The petitioner's principal concern, however, is to prove that the income in question is not within the portion of its income which goes to measure the 1918 rates; and hence, instead of proving literally, as it seeks to do, that this income was not "derived" from Government contracts, - a matter, as we have seen, which concerns only the question of whether a corporation is within the subdivision at all, - it must prove that the income in question is not subject to "the rates specified in subdivision (a)" because it is not "attributable to such Government contract or contracts." This it seeks to do by an argument that the so-called cancellation agreements were complete new contracts made after the Armistice and superseded the supply contracts, and that, since the amounts received were in fulfillment of the cancellation agreements, they can not be attributed to the statutory war contracts.
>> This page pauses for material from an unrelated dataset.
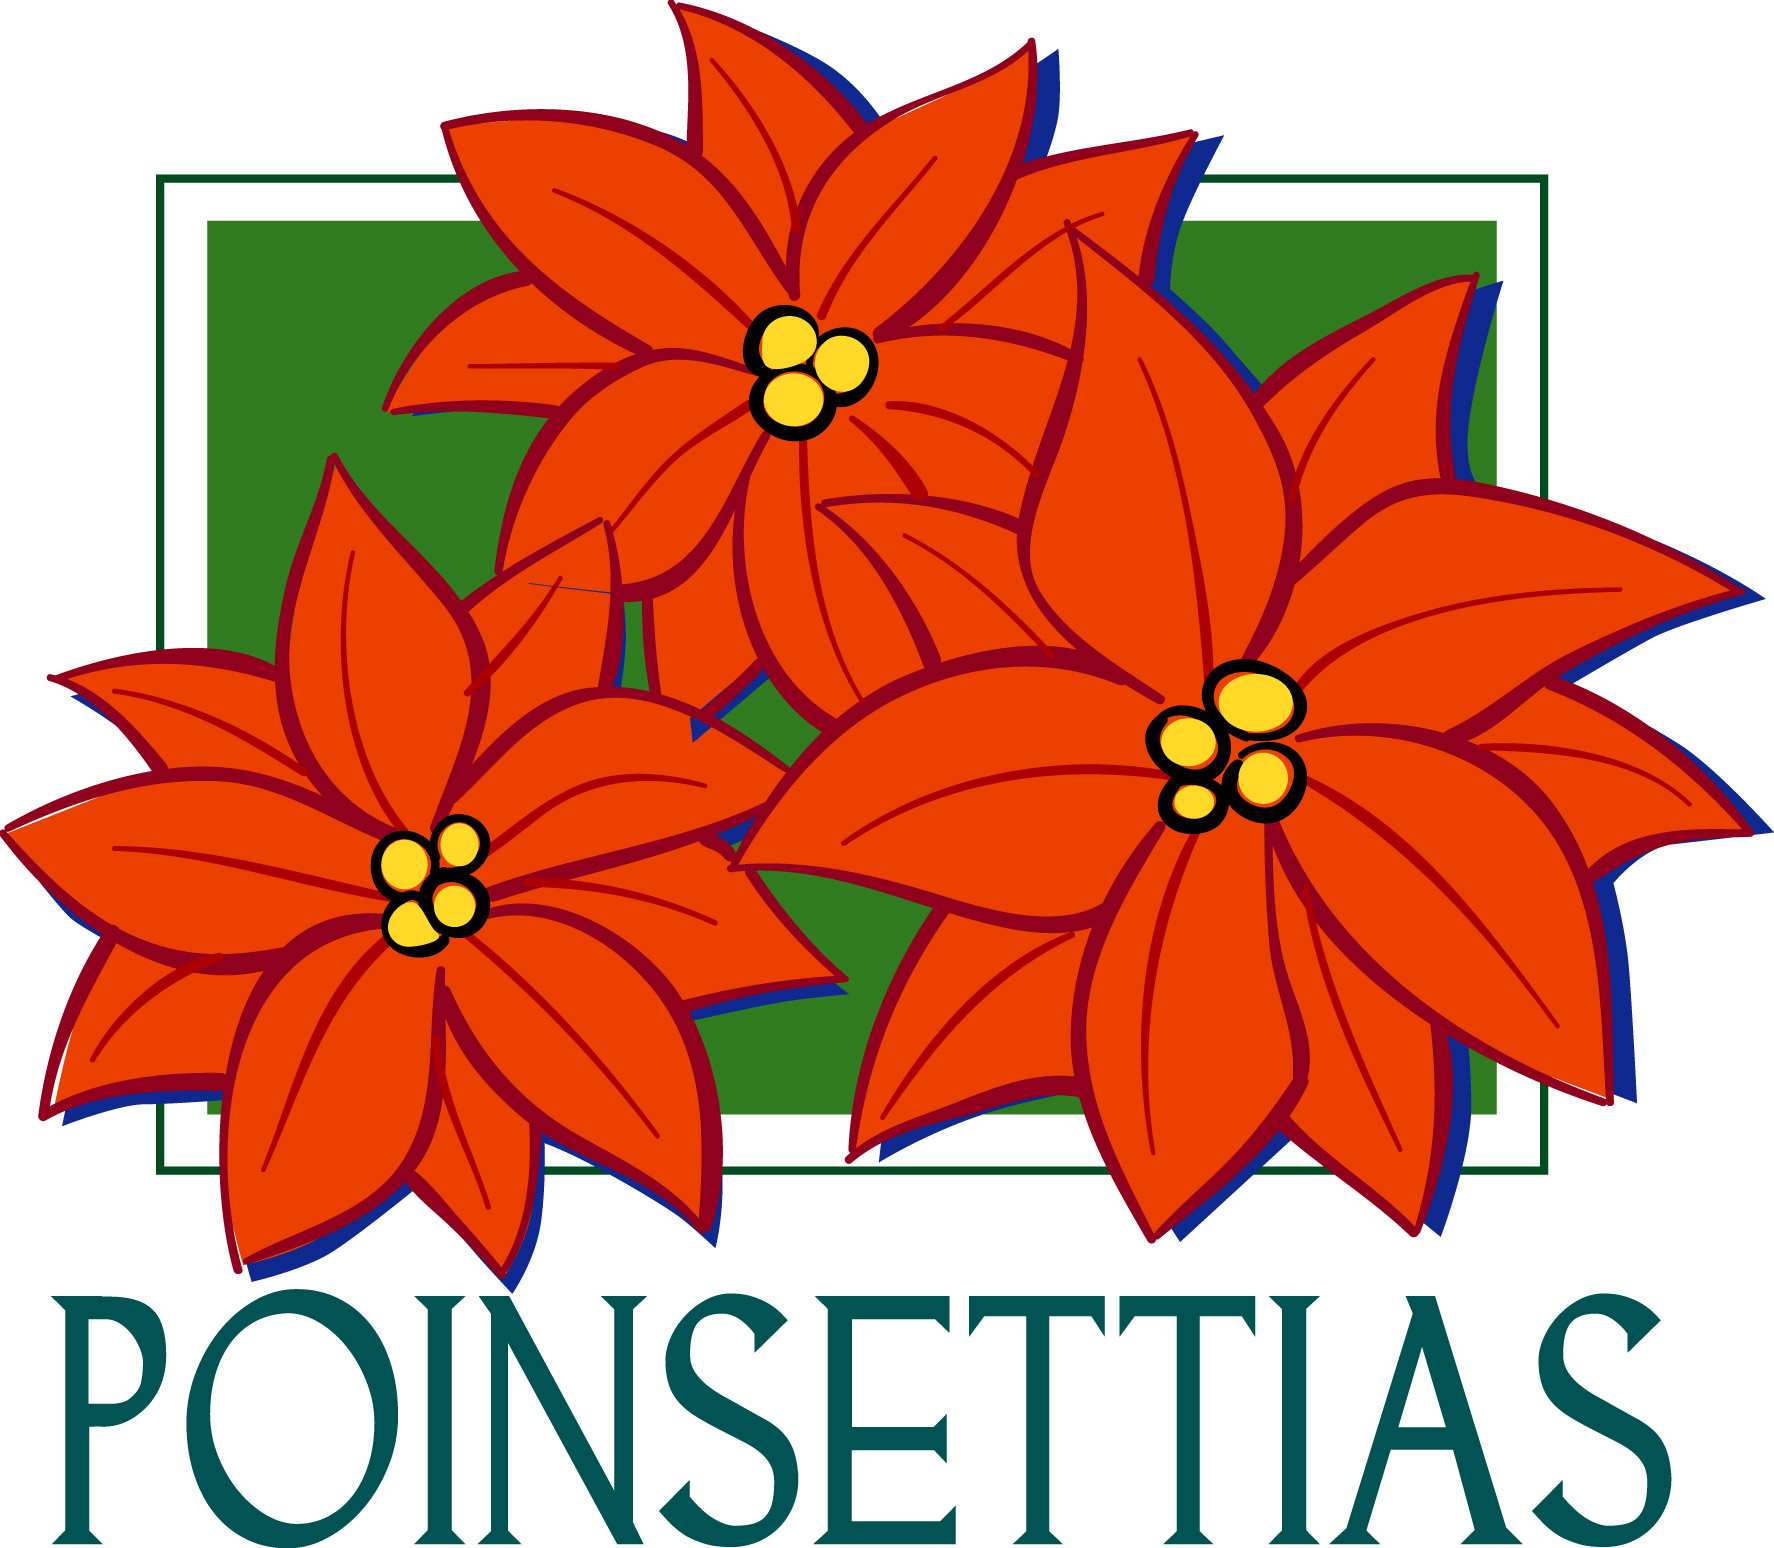 Poinsettia plant clipart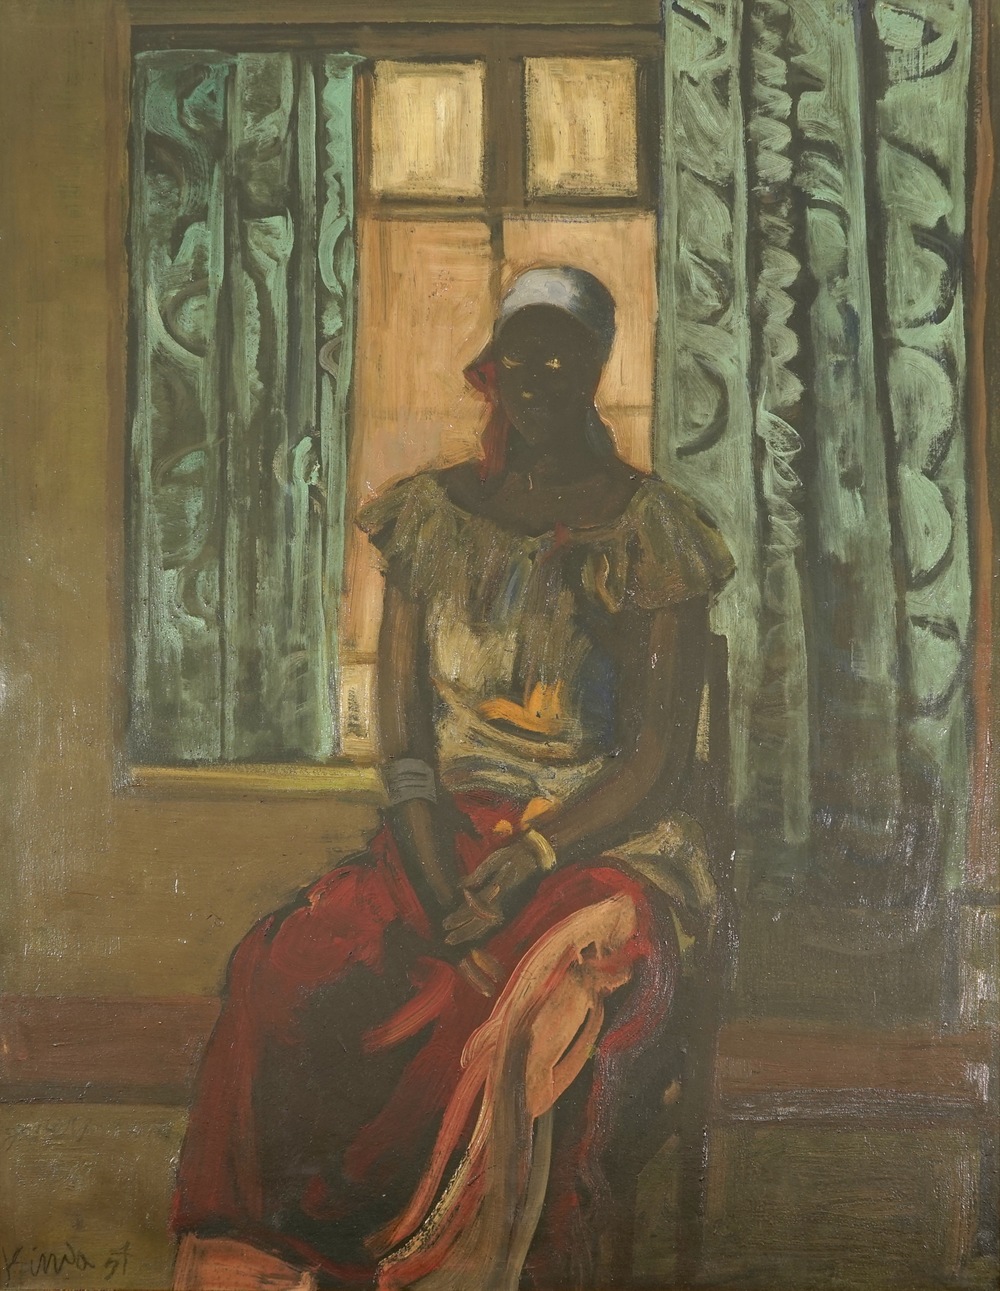 Jespers, Floris (Belgium, 1889-1965), Portrait of a Congolese, oil on panel, dated 1957

It cites authority*2002 that the two contracts are separate and distinct and that disputes under a cancellation contract are determinable by reference to the new contract and not the one superseded.
The argument is in our opinion too superficial to dispose of the merits of the question. It leaves out of consideration the outstanding intendment of the statute to impose 1918 rates upon income from war contracts irrespective of the year of receipt, and imputes to the legislation a difference in tax measured by the adventitious circumstance of the time and form of settlement. It is not to be supposed that Congress would impose high taxes upon those who received settlement later under the Dent Act and low taxes on those who were fortunate enough to negotiate an early agreement of settlement.
Furthermore, we are of opinion that not only is the Commissioner acting within the intendment of the Act but also within its letter. The original contracts were alone the cause of petitioner's receipt of the income. Without them there would have been no settlement, no subsequent agreement, no award, or no payment. From them the Government derived some of its supplies and its obligation to compensate, and the petitioner*2003 derived its compensation both for *70 the supplies furnished and for the situation confronting it by reason of the Armistice. The cancellation agreement only expedited and regulated the settlement of this compensation. When it was received or accrued it was directly attributable to the Government contracts made before November 11, 1918.
Judgment will be entered for the Commissioner.